Senior Applied AI Engineer – ML for Systems & Infrastructure

Databricks
Mountain View, CA, USA2025-02-12

About the job

As a Senior Applied AI Engineer at Databricks, you will apply machine learning, scheduling and optimization algorithms to improve the efficiency and performance of our engineering systems and infrastructure. From cluster management all the way down to query compilation, our Applied AI team works on some of the hardest, most interesting problems facing the business, making Databricks infrastructure and products as performant and cost-efficient as possible.

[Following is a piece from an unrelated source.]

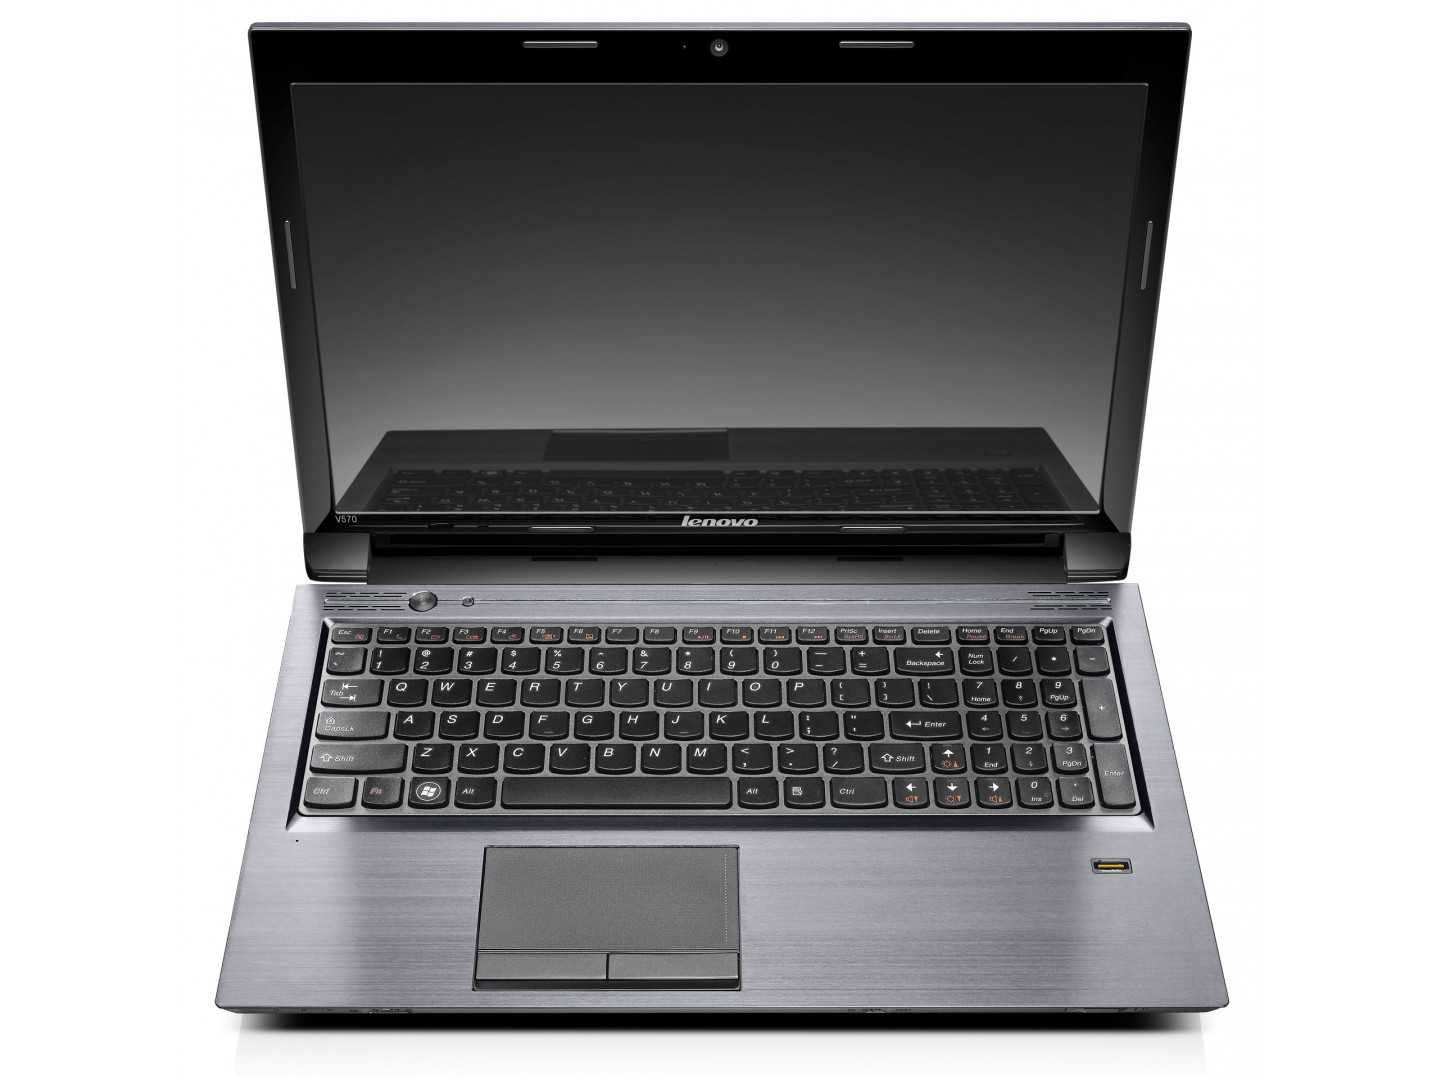 Ноутбук Lenovo IdeaPad V580A (59-332167) - подробные характеристики обзоры видео фото Цены в интернет-магазинах где можно купить ноутбук Lenovo IdeaPad V580A (59-332167)

This is a high impact problem as our customers look at us to deliver the most optimized workloads.

Responsibilities

Build end-to-end systems from the ground up in a small team of experienced people.

Shape the direction of our applied ML areas of investment by engaging with engineering and product teams across the company.

Drive the development and deployment of state-of-the-art AI models and systems that directly impact the capabilities and performance of Databricks' products, infrastructure and services.

Architect and implement robust, scalable ML infrastructure, including data storage and processing, model training and serving components, and monitoring and reporting systems to support seamless integration of AI/ML models into production environments.

Work on novel modeling techniques in the field of ML for Systems

Contribute to the broader AI community by publishing research, presenting at conferences, and actively participating in open-source projects, enhancing Databricks' reputation as an industry leader.

Qualifications

Minimum

2-8 years of machine learning engineering experience in high velocity, high-growth companies

Strong understanding of both computer systems and statistics

Large breadth of knowledge or interest in mathematical modeling beyond ML (OR, combinatorial optimization

Experience developing AI/ML systems at scale in production

Strong track record of ML modeling that goes beyond using standard libraries.

Strong coding and software engineering skills, and familiarity with software engineering principles around testing, code reviews and deployment.

Experience deploying, scaling and monitoring models in production; deep understanding of the unique infrastructure challenges posed by training and serving predictions in Tier 0 environments.

Preferred

No preferred qualifications listed.